Over the course of the weekend, I had aggregated snippets of the story from various sources. The headline on the Saturday morning issue of the Willow Gazette had been Tragedy in Green Bay: Local Teen Killed in Collision. The three sparse paragraphs about the crash claimed that two local teens from Weeping Willow High School had been involved in a crash just outside Green Bay when an eighteen-wheeler truck had hit them head-on during the hailstorm. The driver of the car in which Olivia had been riding hadn't been named, but had allegedly stumbled away from the scene with minor injuries. A picture of what was left of the car had run alongside the article. It was unrecognizable as a vehicle; it looked more like a gnarly knot of scrap metal, and the expression on the face of the state trooper who had been photographed next to the wreckage indicated that he was thinking the same thing that I was thinking: how was it possible that someone had walked away alive from that kind of an accident?  The newspaper claimed that the truck driver responsible was devastated; he hadn't even seen through the heavy hail that he had swerved out of his lane.
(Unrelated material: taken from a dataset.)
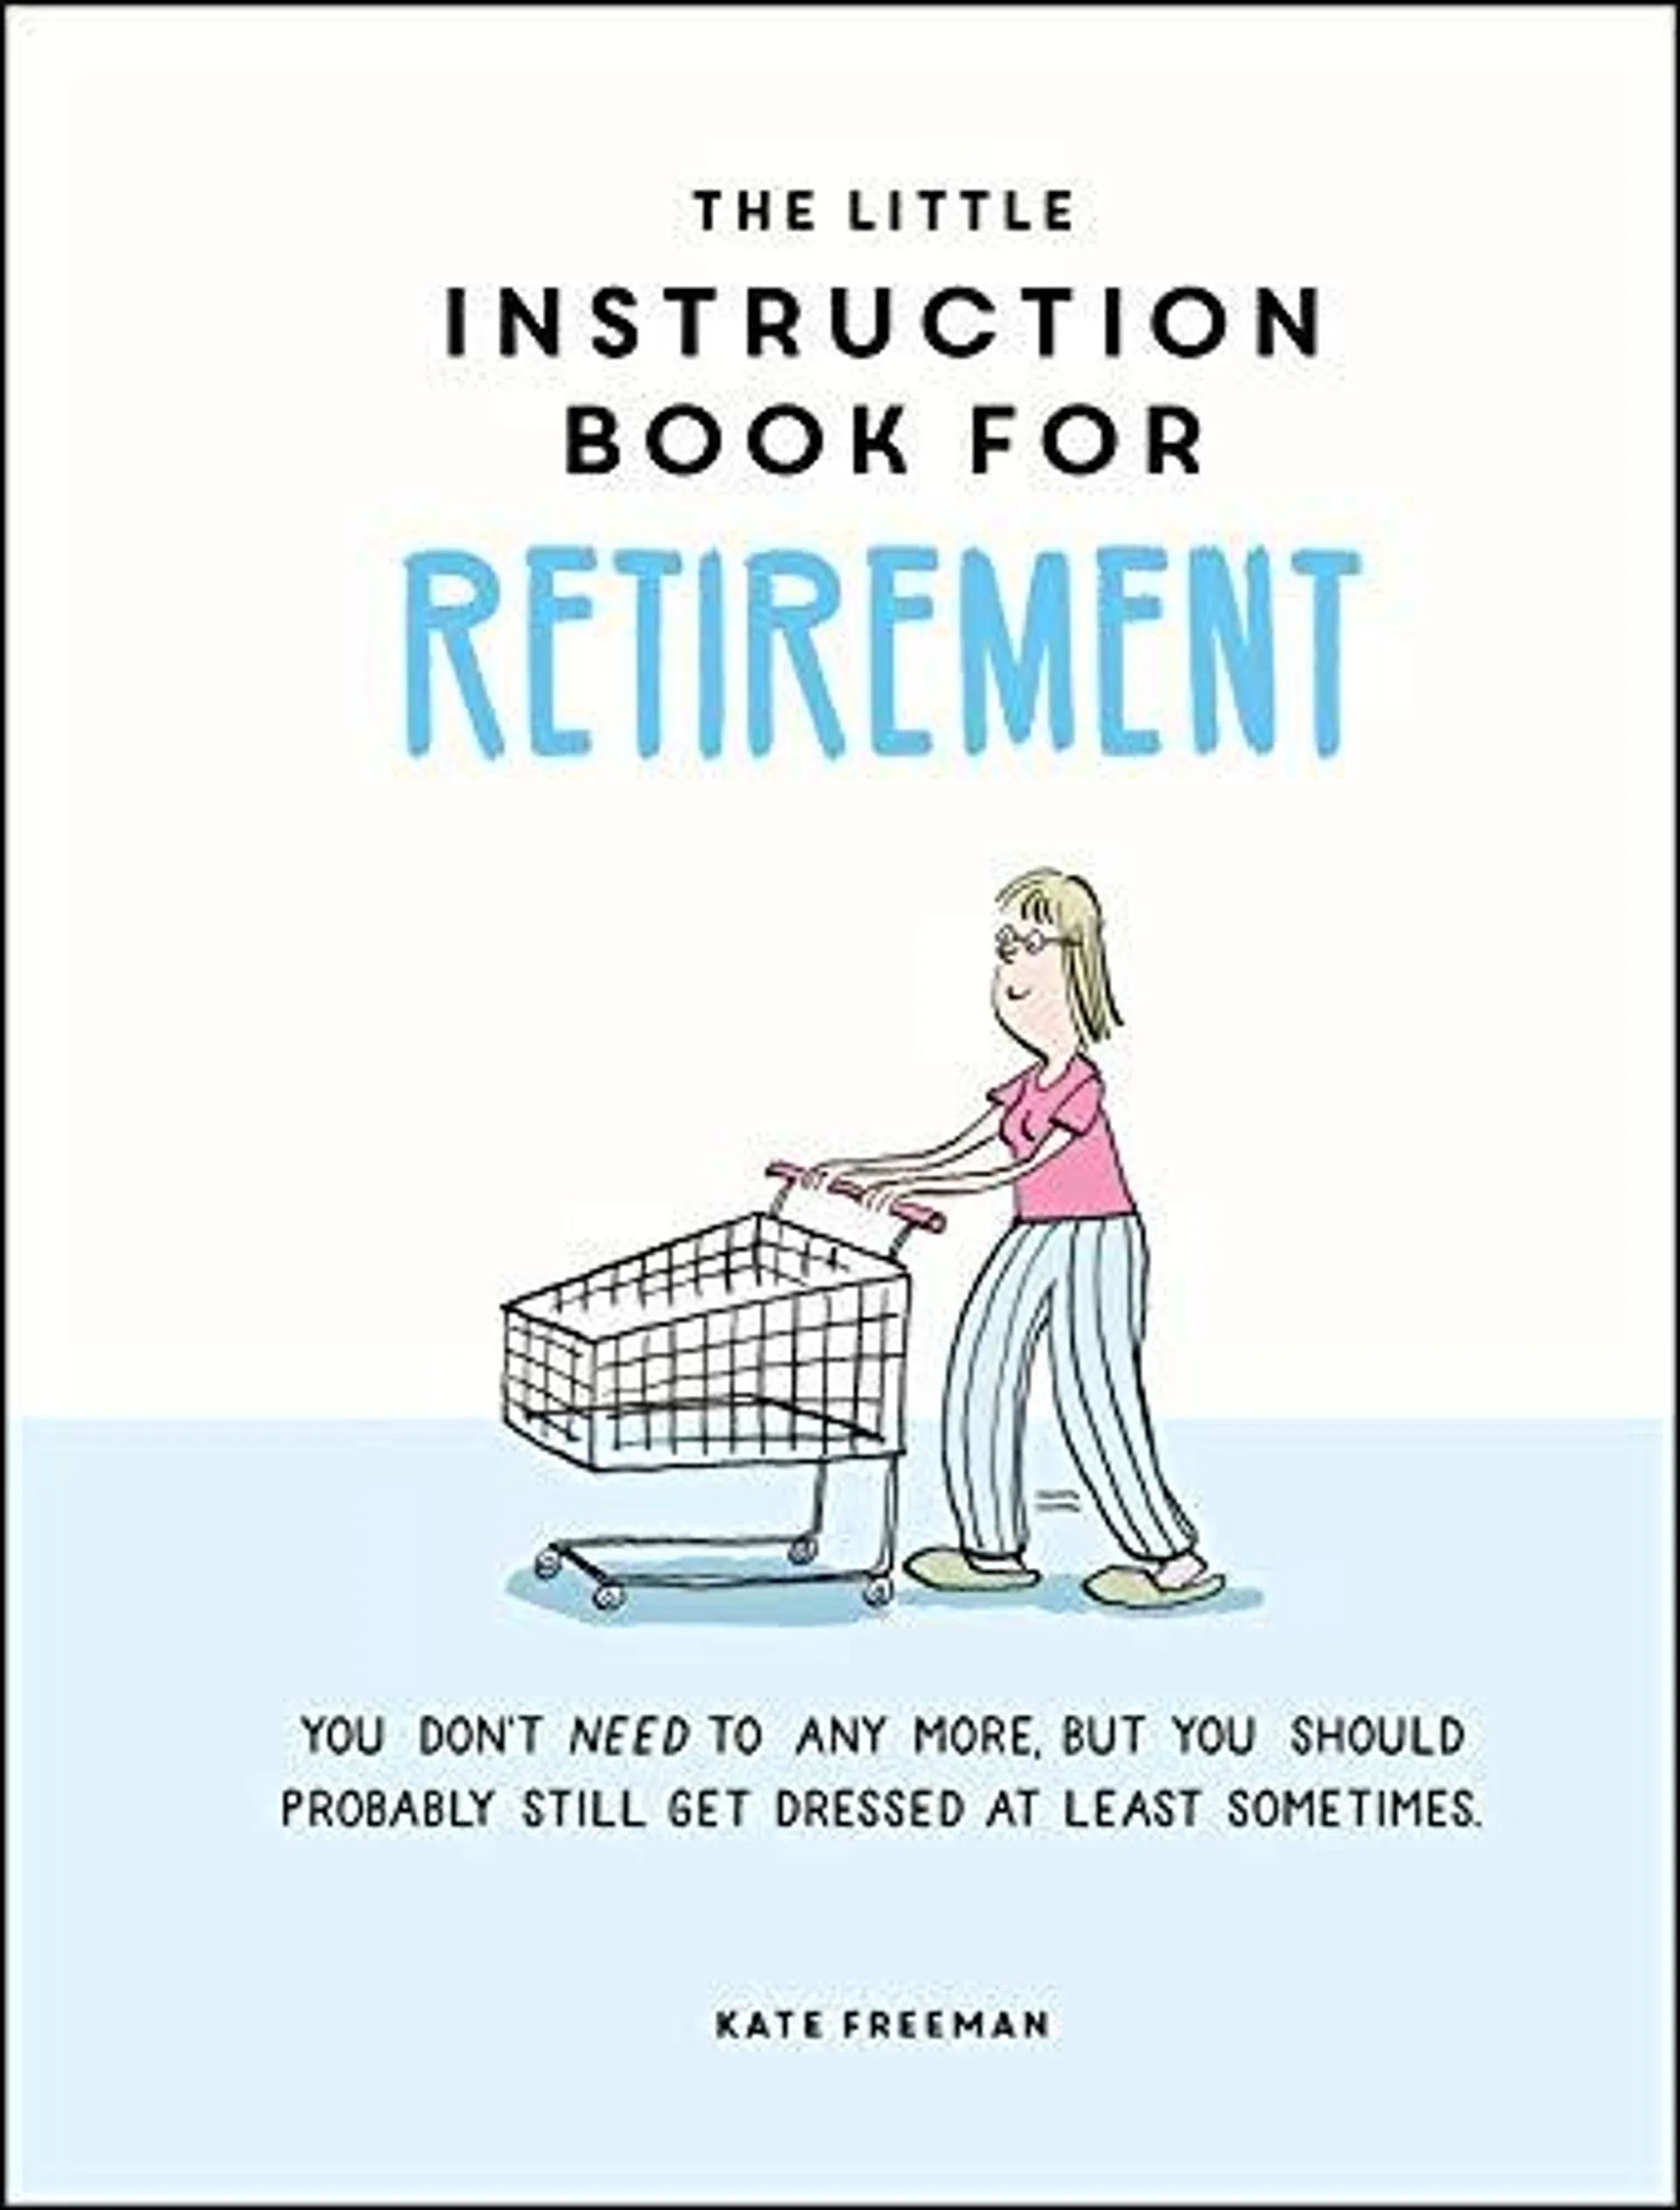 The Little Instruction Book for Retirement by Kate Freeman

Cheryl had called me on Saturday afternoon to share the rumor that Olivia's body had practically been cut in half from the force of the collision. The shoes she had just bought at the mall were found nearly thirty feet away from the car, off to the side of the rural highway, in the woods. Not far, Cheryl added, from Olivia's severed arm.

Of course I wondered who had been driving her, if perhaps she had run into someone from school at the mall and had decided to hitch a ride either to the game or back to town when her car refused to start. In none of the tearful conversations I'd had with friends who'd called to talk had the name of the driver been mentioned. It didn't seem like anyone knew with whom Olivia had spent her final moments.
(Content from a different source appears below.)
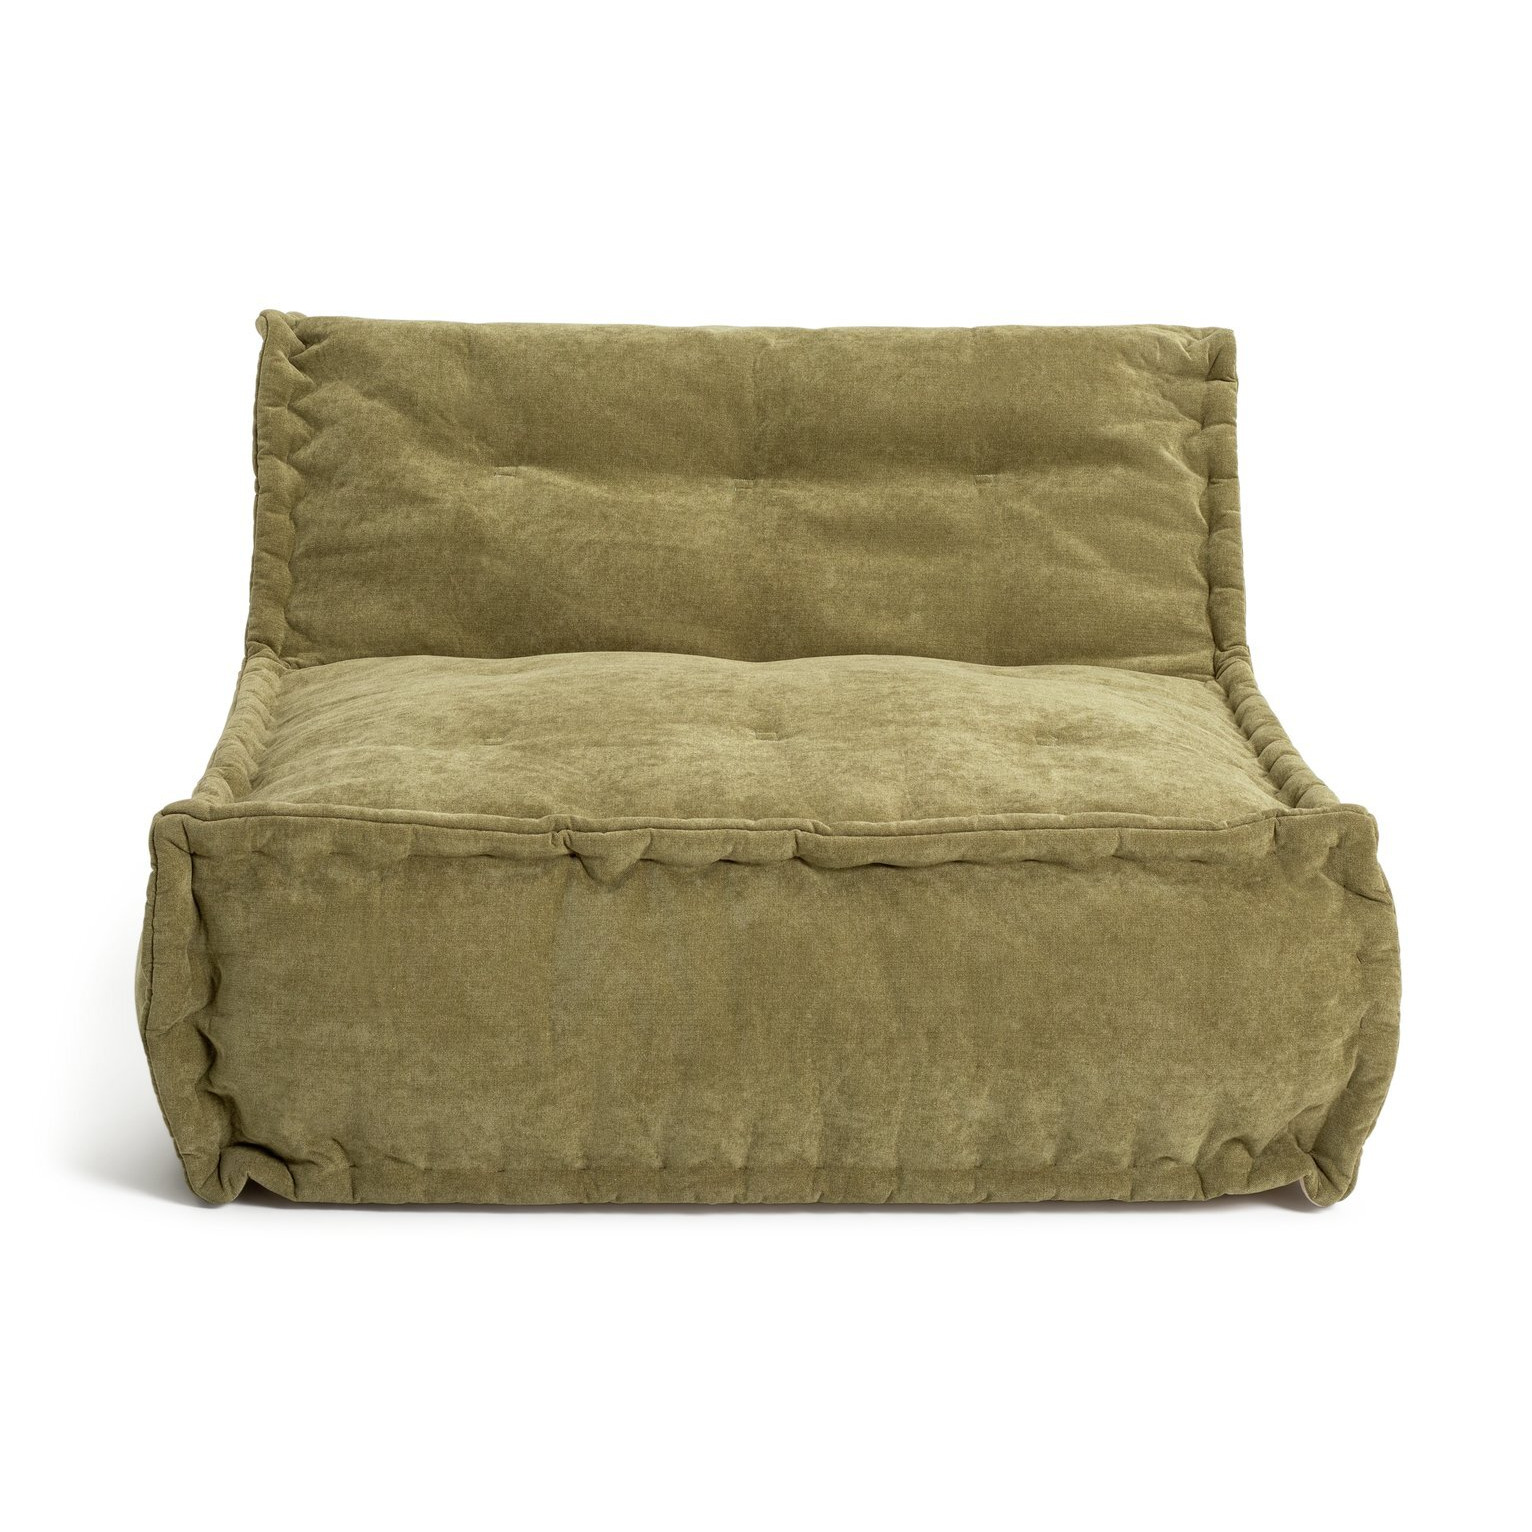 Kaikoo Estelle Quilted Bean Bag - Green - image 1

At the back of the room, just inside the doors, I lurked in a corner, watching quietly as kids from school and teachers drifted in. No one knew quite what to say to Olivia's parents, quite how to stand, where to put their hands, where to rest their eyes. Everyone was hungry for more details, myself included, but it was absolutely out of the question to talk about the accident at the memorial. Soft classical music played throughout the afternoon, pumped in through the air vents along with chilly air.  There were enormous floral arrangements on both sides of the casket; sent from the Lions Club, the Knights of Columbus, the PTA, the faculty union at the high school, and Olivia's dad's accounting firm. A hanging arrangement of pale pink bud roses and baby's breath draped over the casket's top, held together with silky cream-colored ribbon. It was probably not all that different from the corsage that Pete had planned to place on Olivia's wrist the night of the Homecoming dance, the dance that had been cancelled in light of Olivia's tragic death. It was a morbid thing to think; but if Olivia had been able to share her opinion of her own wake, I think she would have approved.